This is a relatively high-level 64-bit stack-based virtual machine that is designed to be simple and easy to understand. It works on a size-comprehensive stack-based instruction set and allows granular control over sized operations.
Stack VM is a project intended to be a learning journey into virtual machines, assemblers, and compiler design. A stack-only vm is a challenge both to implement and to write programs for. Stack machines are also usually slower than register-based machines because of the higher number of instructions needed to perform even the simplest operations, and thus result in an increased number of CPU cycles. While register-based architectures can store temporary values into registers, a stack-based architecture has the stack as the only storage option. Because of this, stack machines must repetitively push onto and pop from the stack, calculate TOS (top of stack) offsets, and duplicate values just to access a stored variable.
This project is not intended to be used in production environments.
There are no general purpose registers to be used by the programmer and the only storage options are the built-in stack and heap.
The VM's memory is an interface between the program and the host machine/OS. Pointers inside the VM will point to the data in the host memory. This means that Stack VM pointers are not virtualized. The direct pointer to host memory correspondence is used for fast memory access, which would otherwise be implemented through an array index operation and result in more CPU cycles.
Now, since Stack VM programs have direct access to the host memory, there is the possibility of accessing the host's resources. It is up to the host OS to prevent illegal memory accesses and segfault accordingly.
The operation stack is a contiguous section of memory used to store temporary vales related to ongoing operations (operands and results).
The stack has a fixed size and grows from top-to-bottom.
Stack VM implements a heap memory by acting as an interface between the program and the host memory. Because of this, the heap may not be contiguous and doesn't have a fixed size. Memory blocks can be allocated and deallocated through interrupts, which is one of the high-level features of Stack VM.
A specific internal register that stores the next instruction in the program. The program counter is altered whenever a jump is performed.
The program counter cannot be directly mutated by running programs, but only through jump instructions.
A specific internal register that stores the address of the top of the stack (topmost byte). This register may be altered to efficiently push onto or pop from the stack.
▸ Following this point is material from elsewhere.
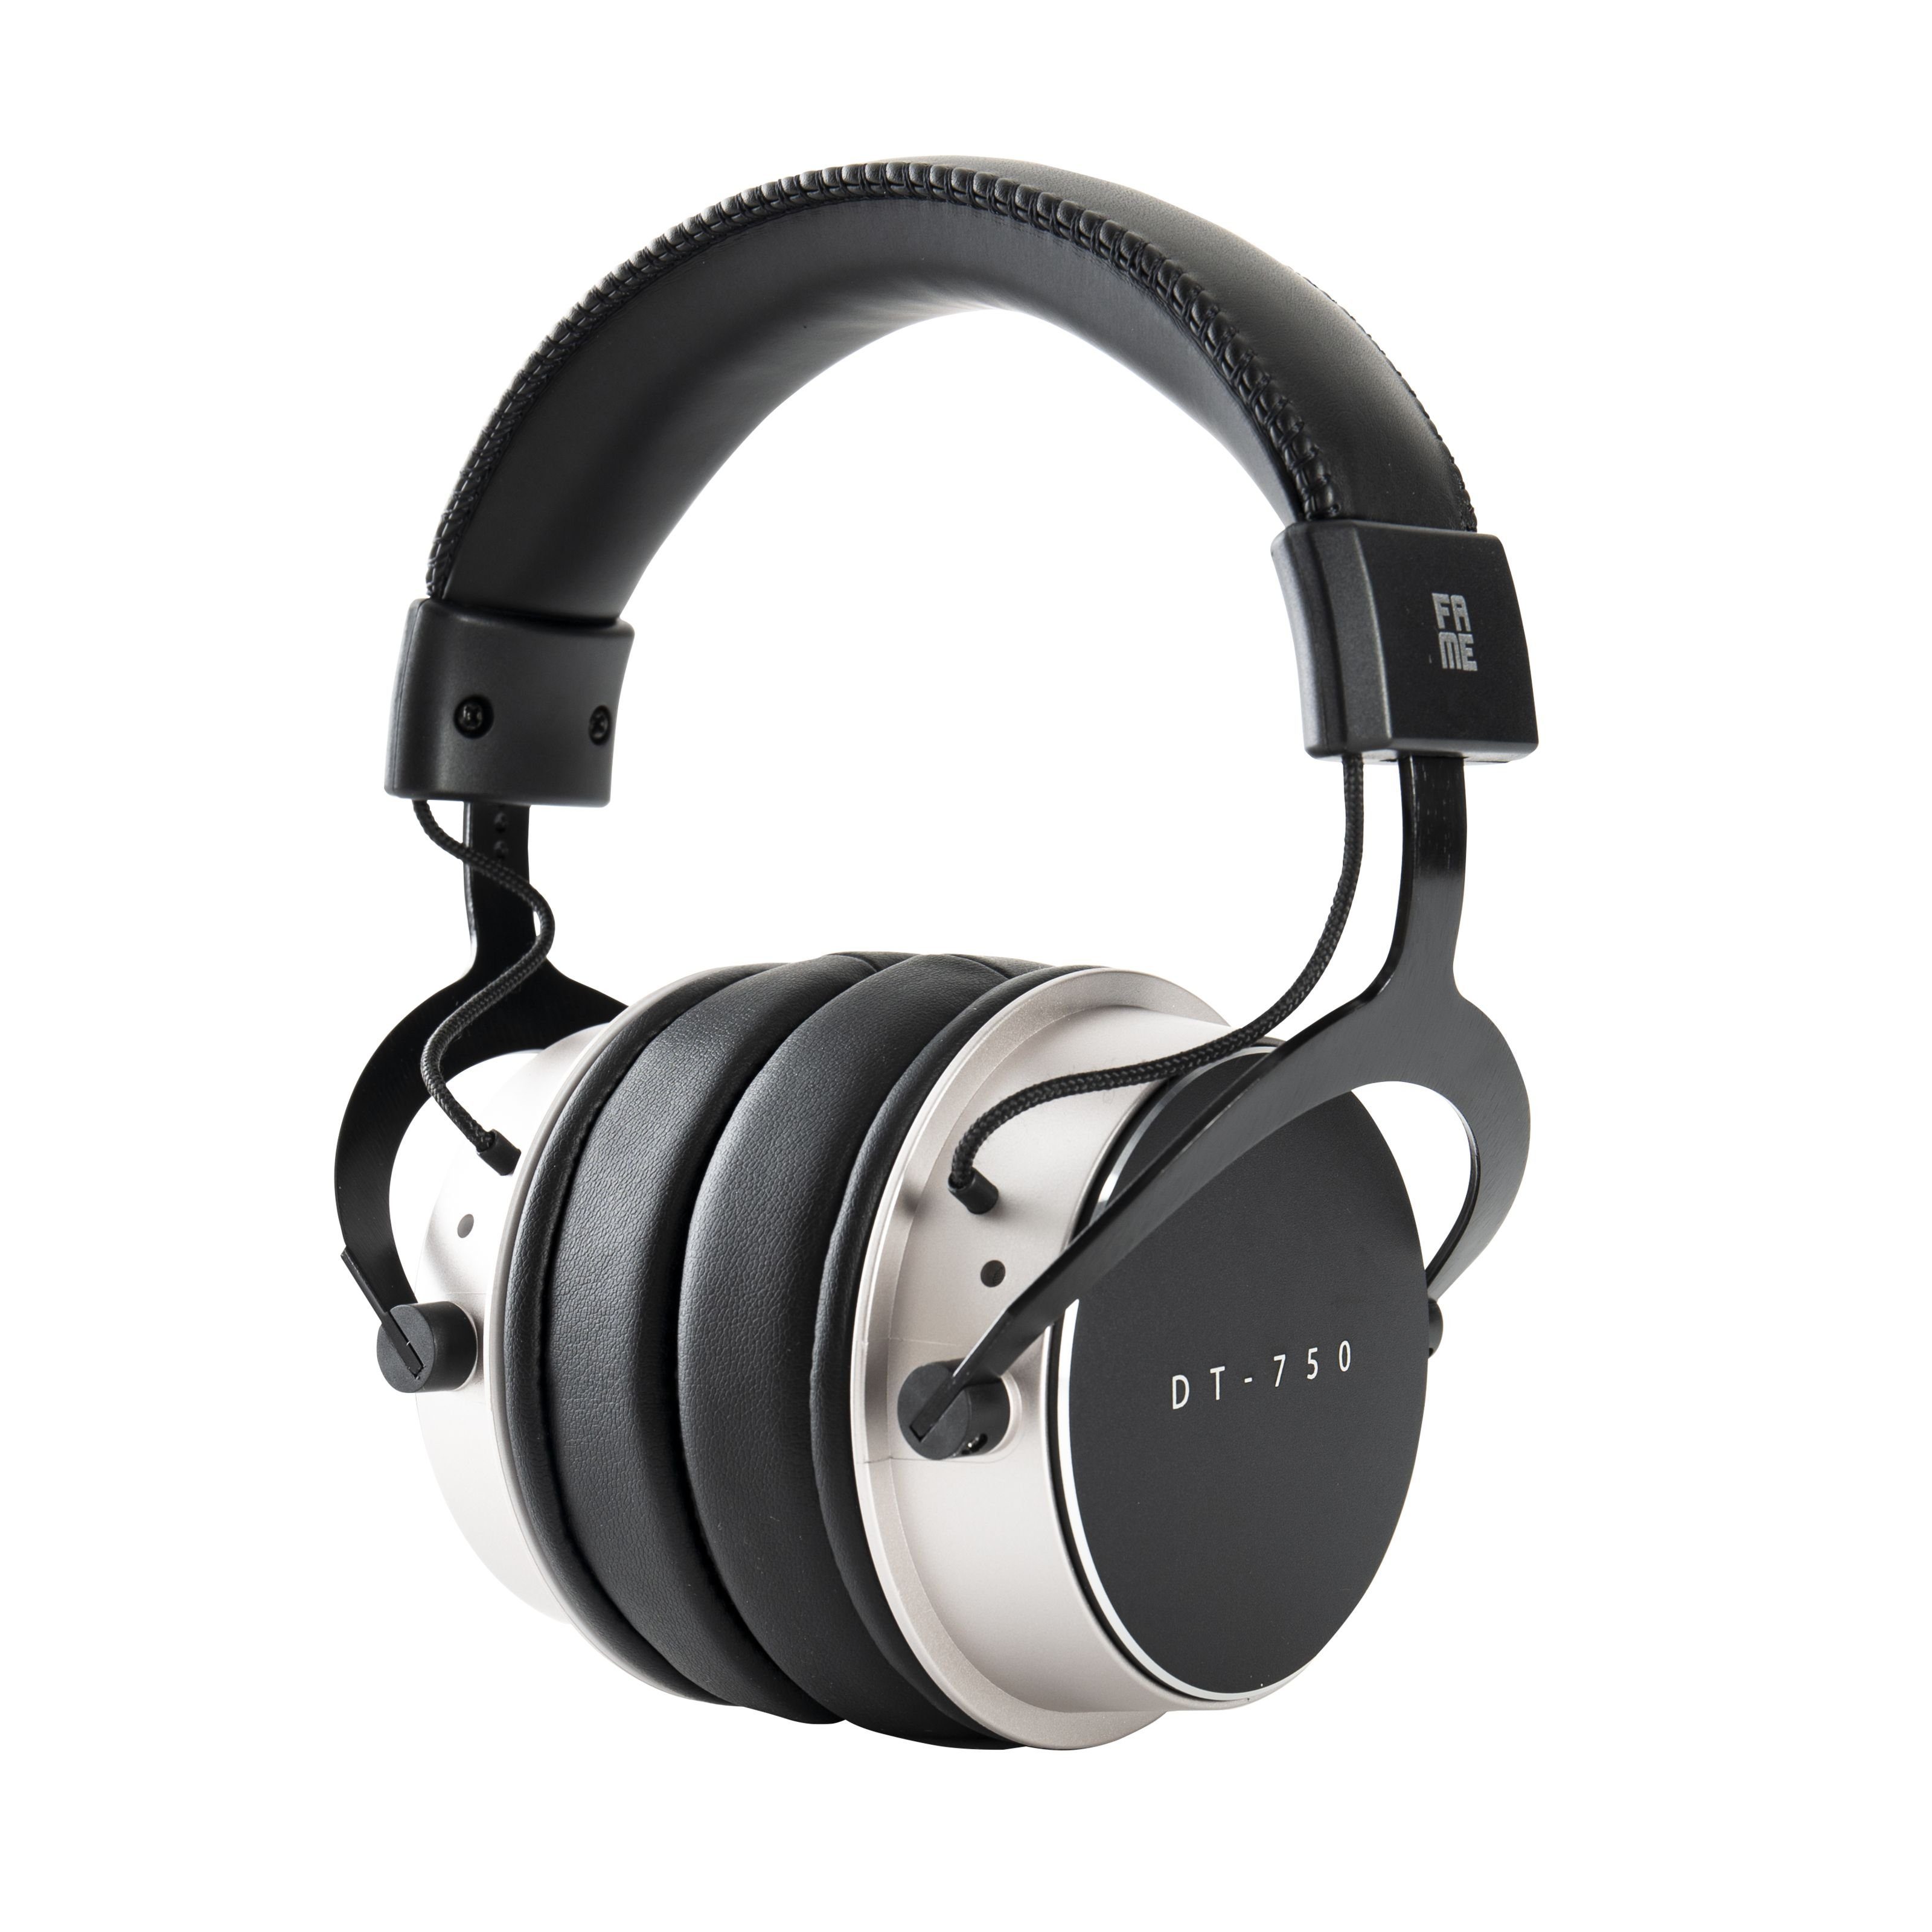 Fame Audio Kopfhörer (DT-750 Studio Kabel) mit geschlossen abnehmbaren Kopfhörer, Kopfhörer
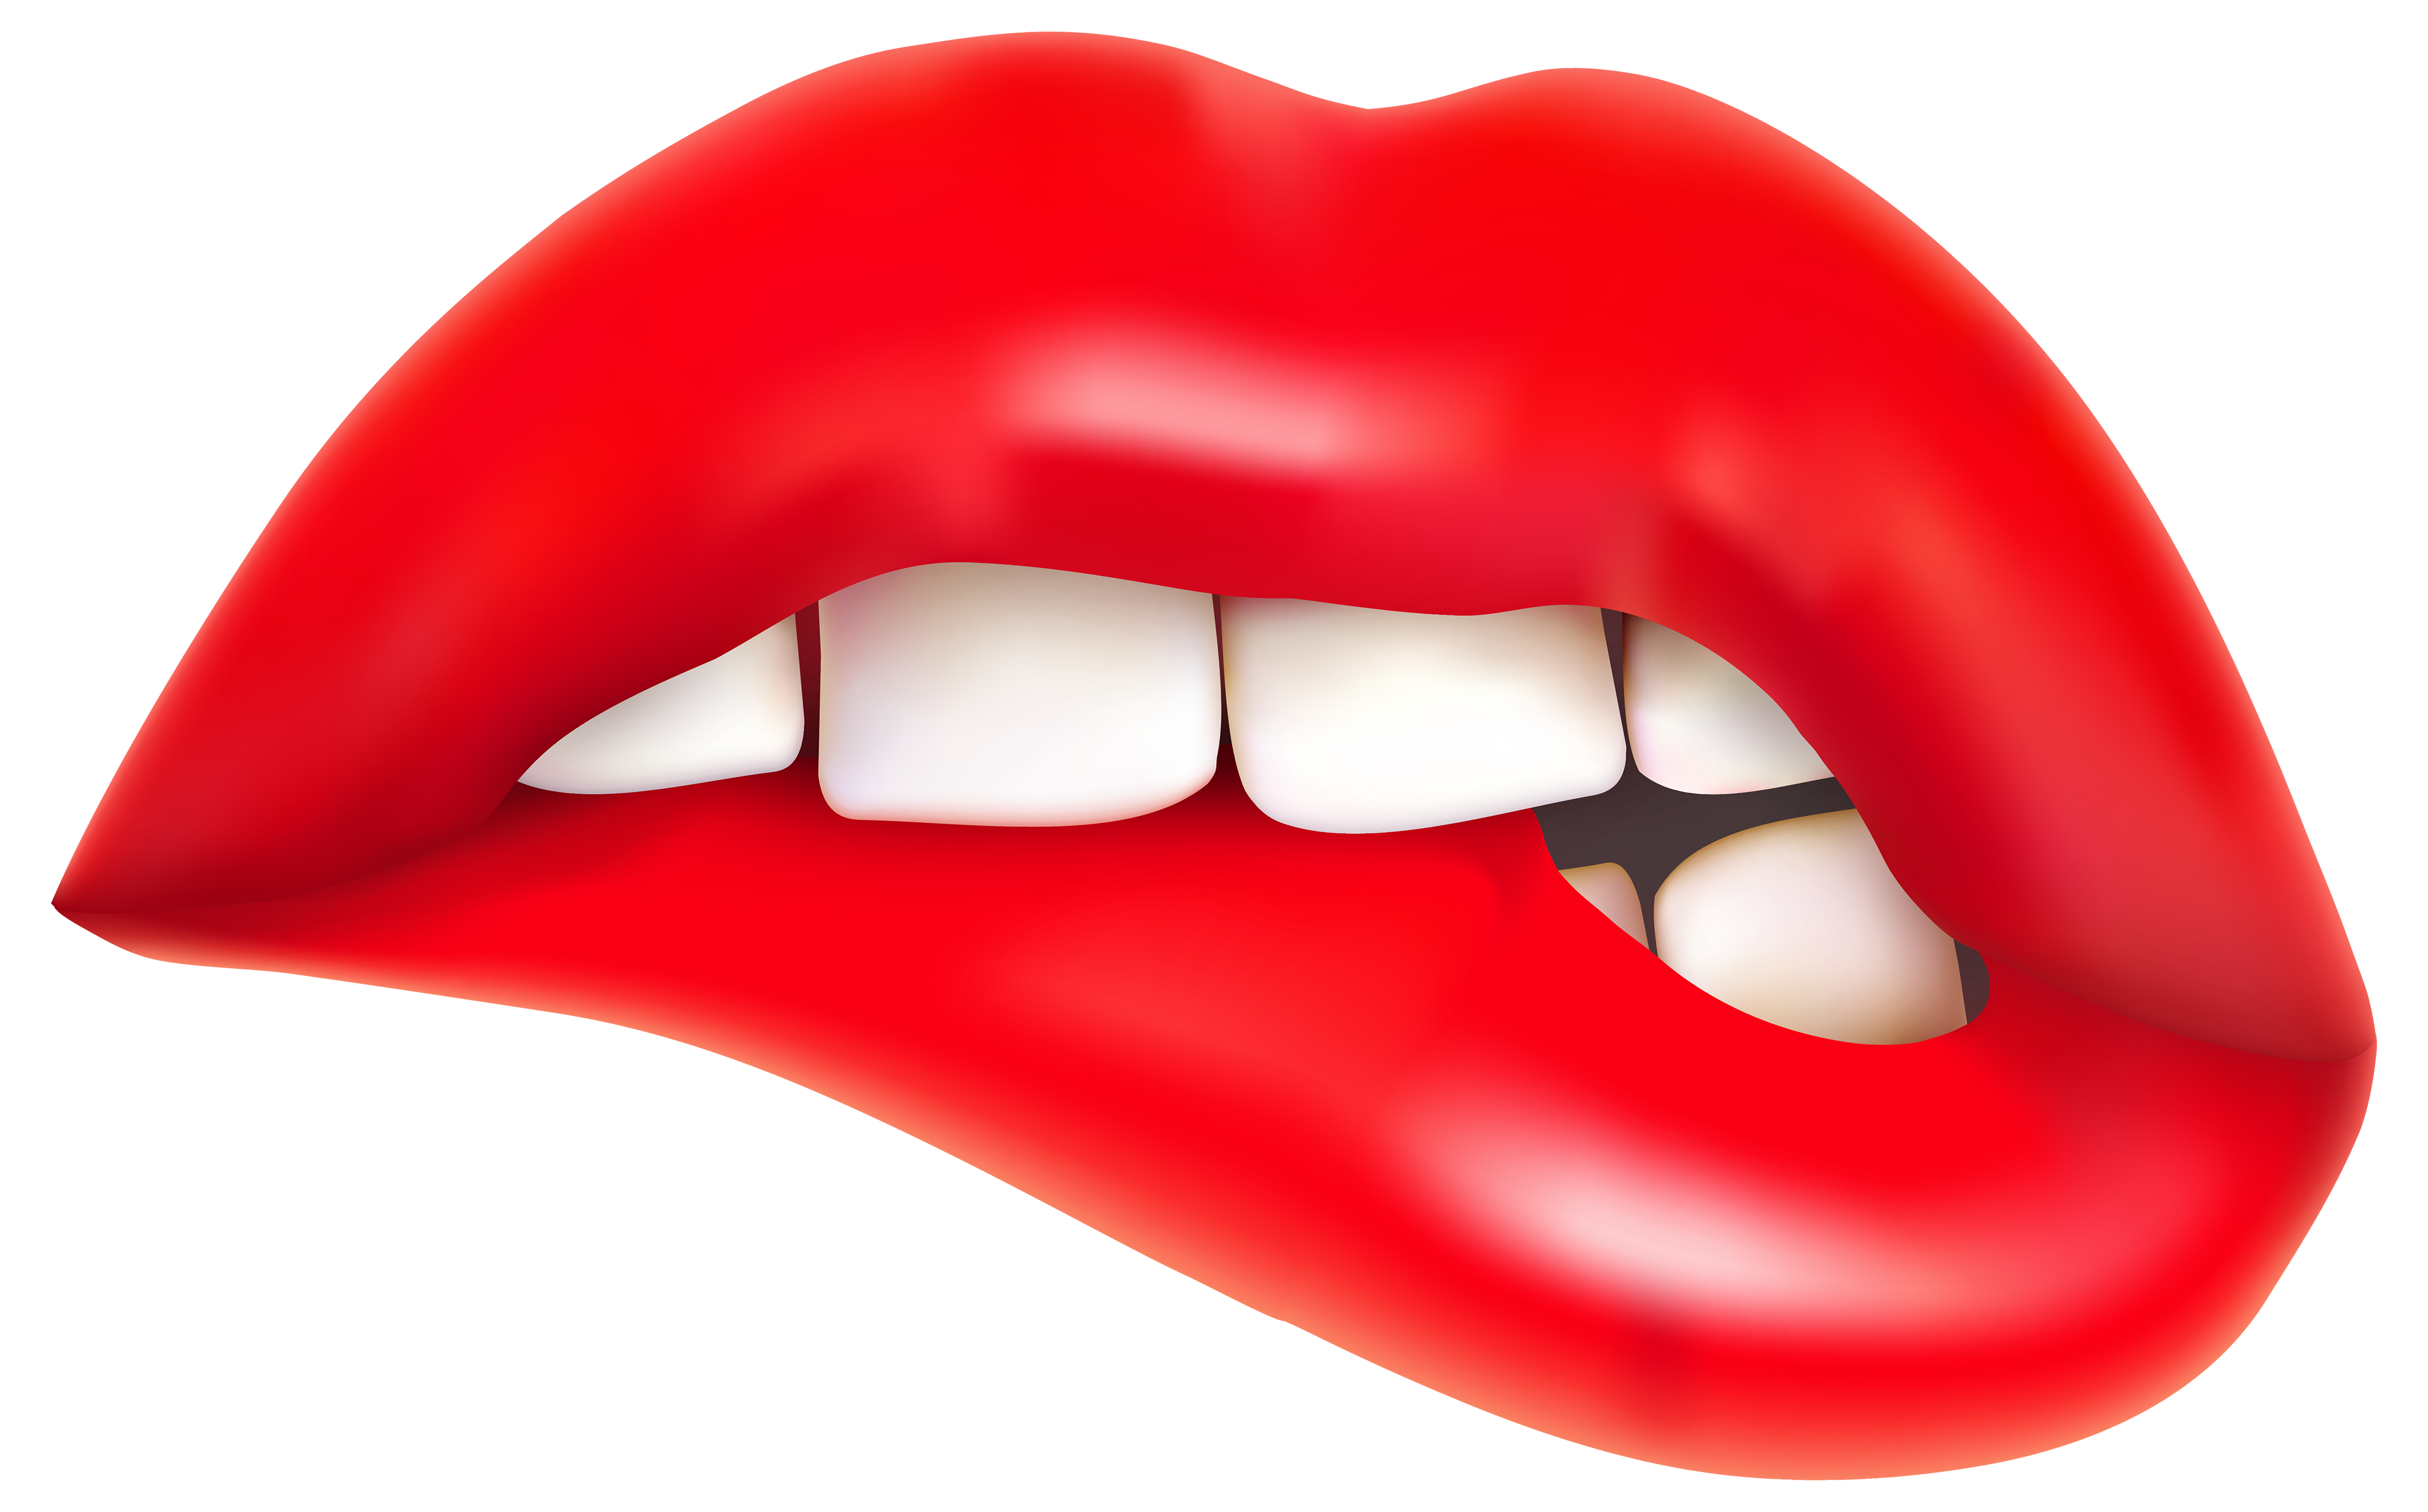 Lips clip art image

Because Stack VM doesn't virtualize pointers, the stack pointer points to the TOS relative to the host memory.
The stack pointer cannot be directly mutated by the program.
A contiguous section of memory used to store the program's instructions. This memory is read-only and is set once when the program is first loaded into memory.
The VM starts executing the program code from the first byte onwards. So, the first instruction that will be executed by the VM is the first byte of the program space.
Note that pointers in program space are unaware of the underlying host memory. Because of this, when accessing an address in program space (e.g. static data or labels), the program needs to offset the pointer by the address of the program space. This is done through the vtr
(virtual to real) built-in instruction.
Pointers to static data are treated differently than pointers to regular data (stack and heap). To access static data a dedicated instruction may be used.
Offsetting static data upon accessing may seem a preventable overhead, but a virtualized memory space would need to be indexed, resulting in an inevitable offsetting operation. By only de-virtualizing pointers to static data at runtime and using real pointers for regular data, Stack VM reduces the otherwise inevitable overhead of accessing virtualized memory in the majority of cases, assuming the program mostly accesses non-static data.
It's up to the programmer (or compiler) to handle the virtualized static data pointers correctly by using the appropriate instructions and by not mixing virtual pointers with host pointers.
This project and all related files are published under the MIT License.